Goal: The operations array will contain at least one operation, and no more than 100 operations.
Steps:
• 1 <= operations.length <= 100
• operations[i] will be either '++X', 'X++', '--X', or 'X--'.
Assumptions:
• The initial value of X is 0.
• The operations are applied in the order they appear in the list.
• Input: Example 1: Input: operations = ["X++", "--X", "++X"]
• Explanation: The operations are applied as follows: X = 0 initially. 'X++' increments X to 1, '--X' decrements X to 0, '++X' increments X to 1. The final value of X is 1.
• Input: Example 2: Input: operations = ["++X", "++X", "X++"]
• Explanation: The operations are applied as follows: X = 0 initially. '++X' increments X to 1, '++X' increments X to 2, 'X++' increments X to 3. The final value of X is 3.

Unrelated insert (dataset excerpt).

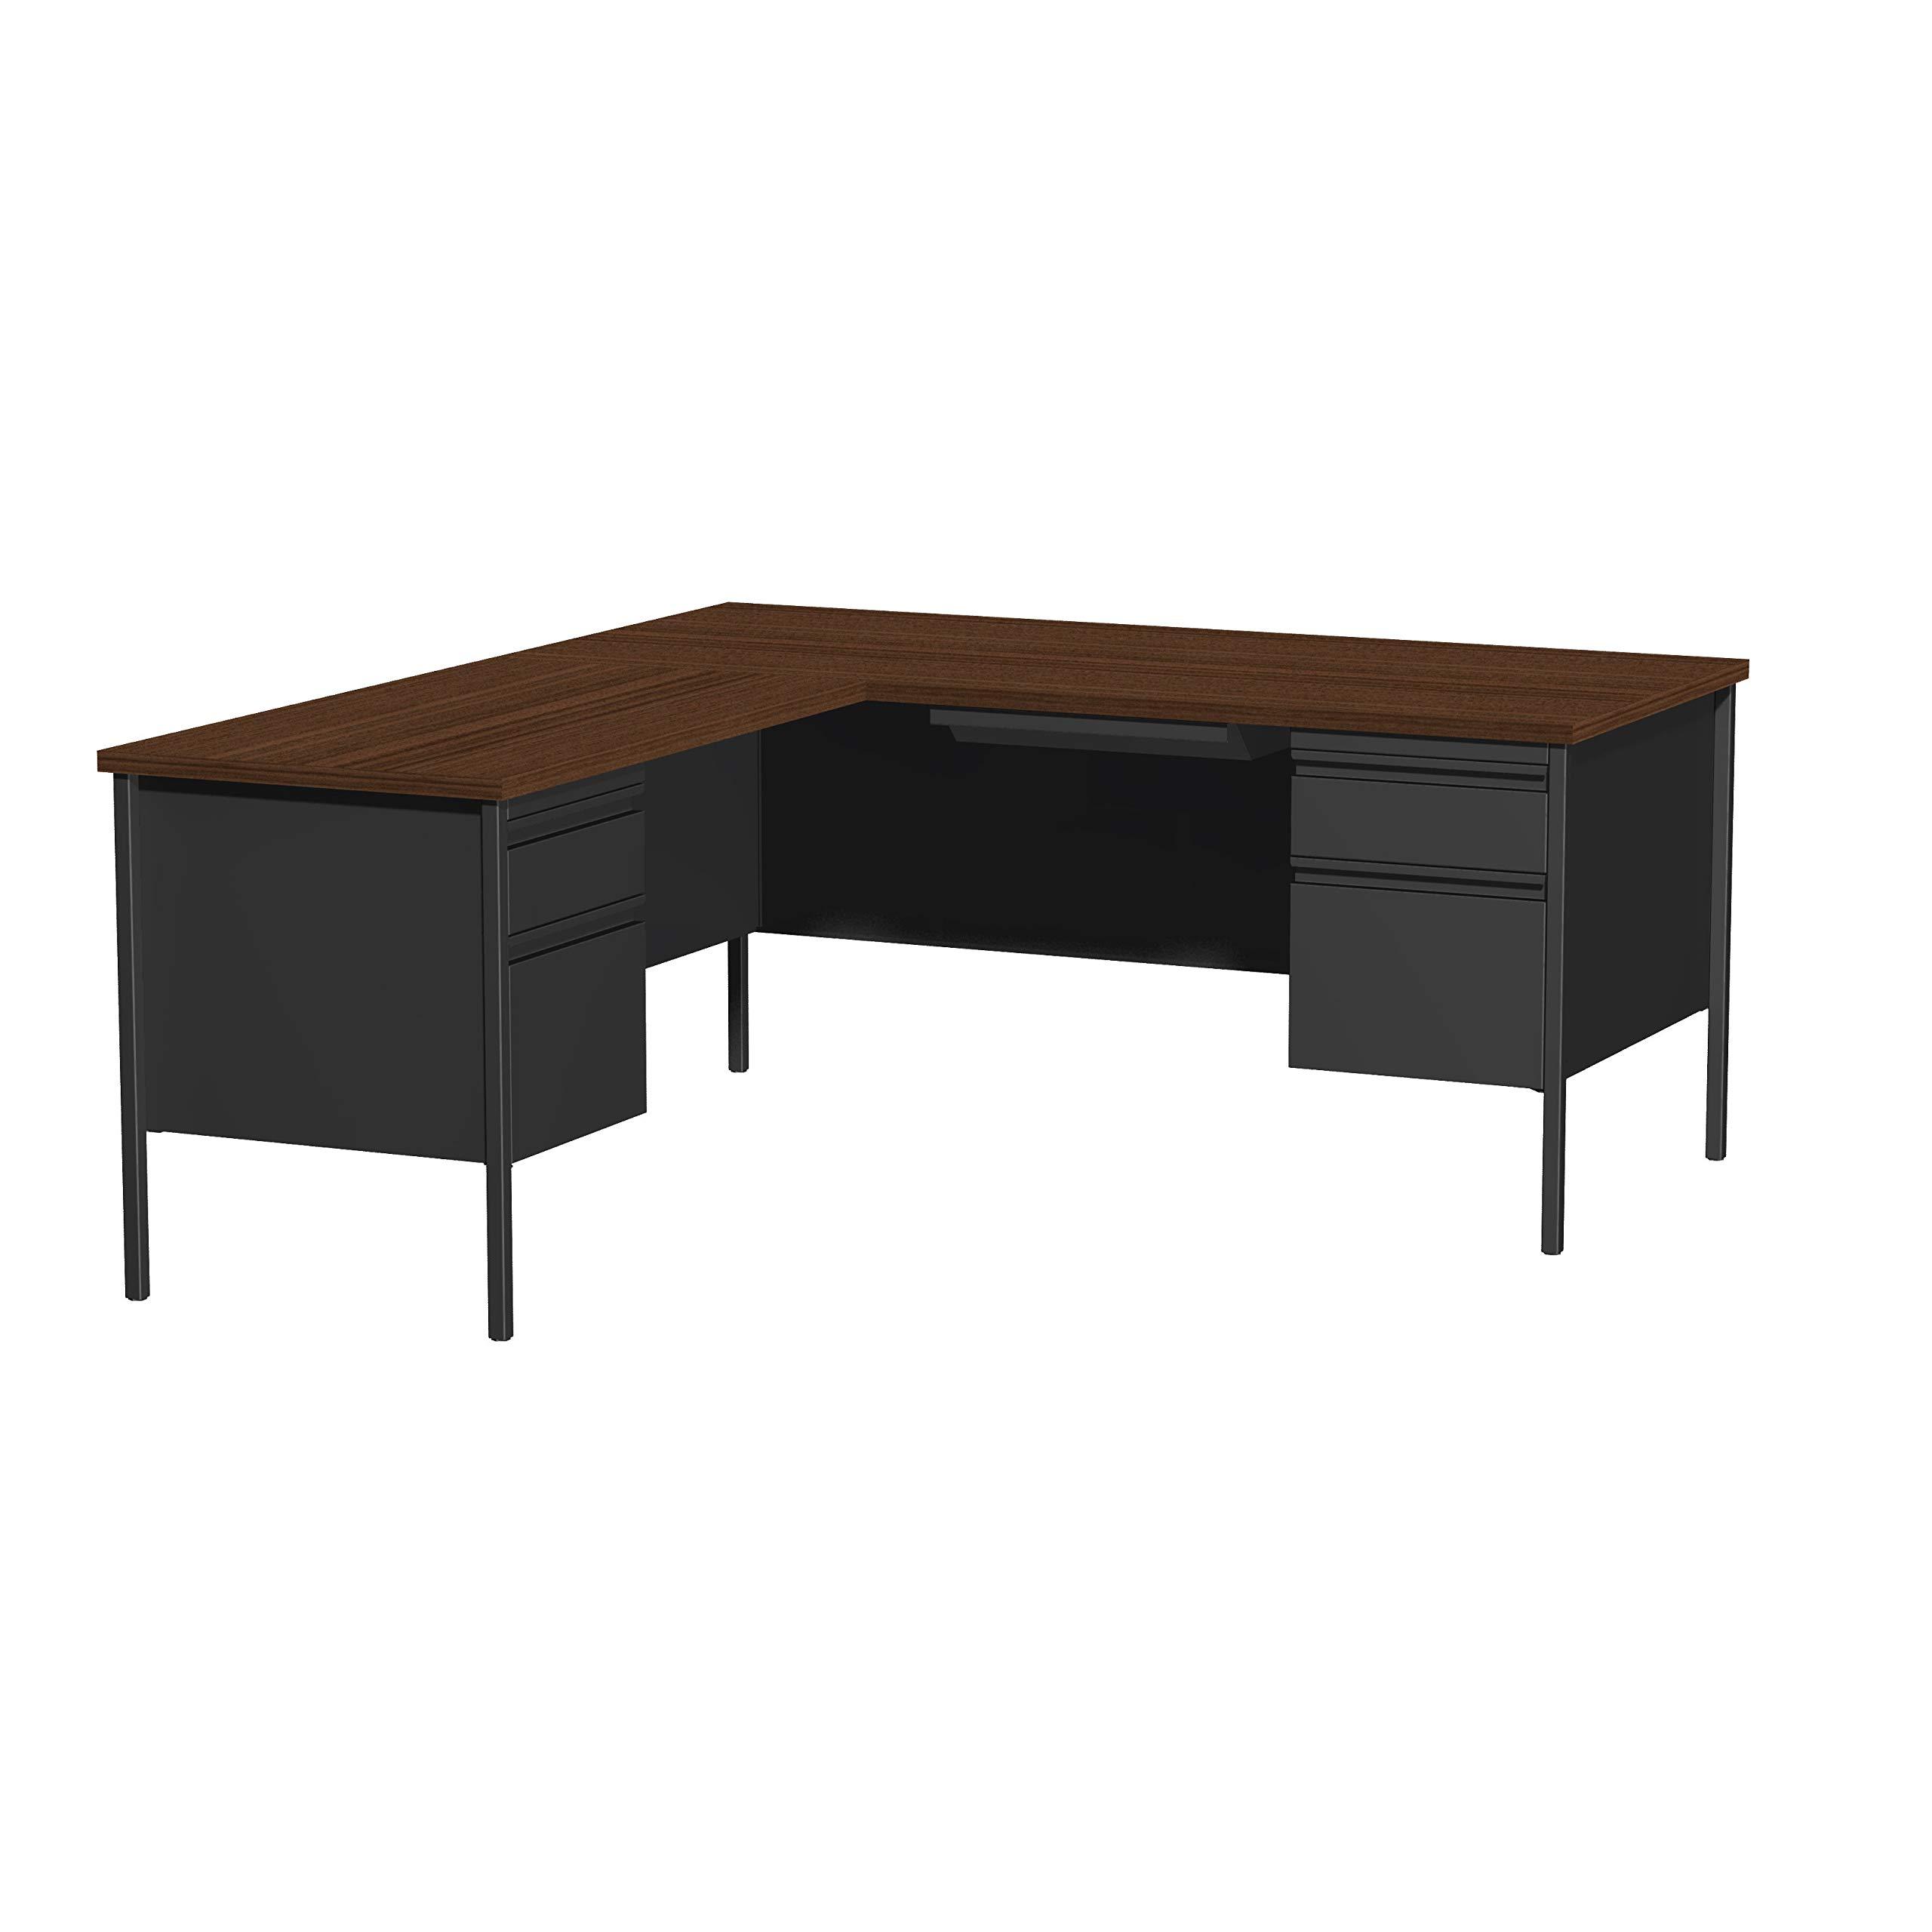 HL10000 Series Computer Desk Laptop Table L-Shape Left Orientation Double Pedestal Writing Desk Home Office Workstation Metal, Black and Walnut

• Input: Example 3: Input: operations = ["X++", "--X", "X--"]
• Explanation: The operations are applied as follows: X = 0 initially. 'X++' increments X to 1, '--X' decrements X to 0, 'X--' decrements X to -1. The final value of X is -1.
Approach: We can simply iterate over the operations list, update the value of X based on each operation, and return the final value.
Observations:
• The operations only involve simple increments and decrements of X.
• The operations are applied in sequence, and each operation affects the value of X directly.
• Since the operations are straightforward and independent, we can solve this problem using a simple loop to apply each operation sequentially.
Steps:
• Initialize a variable X with a value of 0.
• Loop through each operation in the operations array.
• Update the value of X based on the operation (increment or decrement).
• Return the final value of X after all operations are applied.
Empty Inputs:
• The input array will never be empty, as per the constraints.
Large Inputs:
• The solution should handle the maximum input size of 100 operations efficiently.
Special Values:
• The initial value of X is always 0.
Constraints:
• Ensure that the operations are valid as per the given constraints.
int finalValueAfterOperations(vector<string>& operations)
{
int X = 0;
for(int i=0;i<operations.size();i++)
{
if(operations[i]=="X++")
{
X++;
}
else if(operations[i] == "++X")
{
++X;
}
else if(operations[i] == "X--")
{
X--;
}
else if(operations[i] == "--X")
{
--X;
}
}
return X;
}
1 : Function Definition
int finalValueAfterOperations(vector<string>& operations)
Defines the function `finalValueAfterOperations` that takes a vector of strings representing operations and returns the final value of `X`.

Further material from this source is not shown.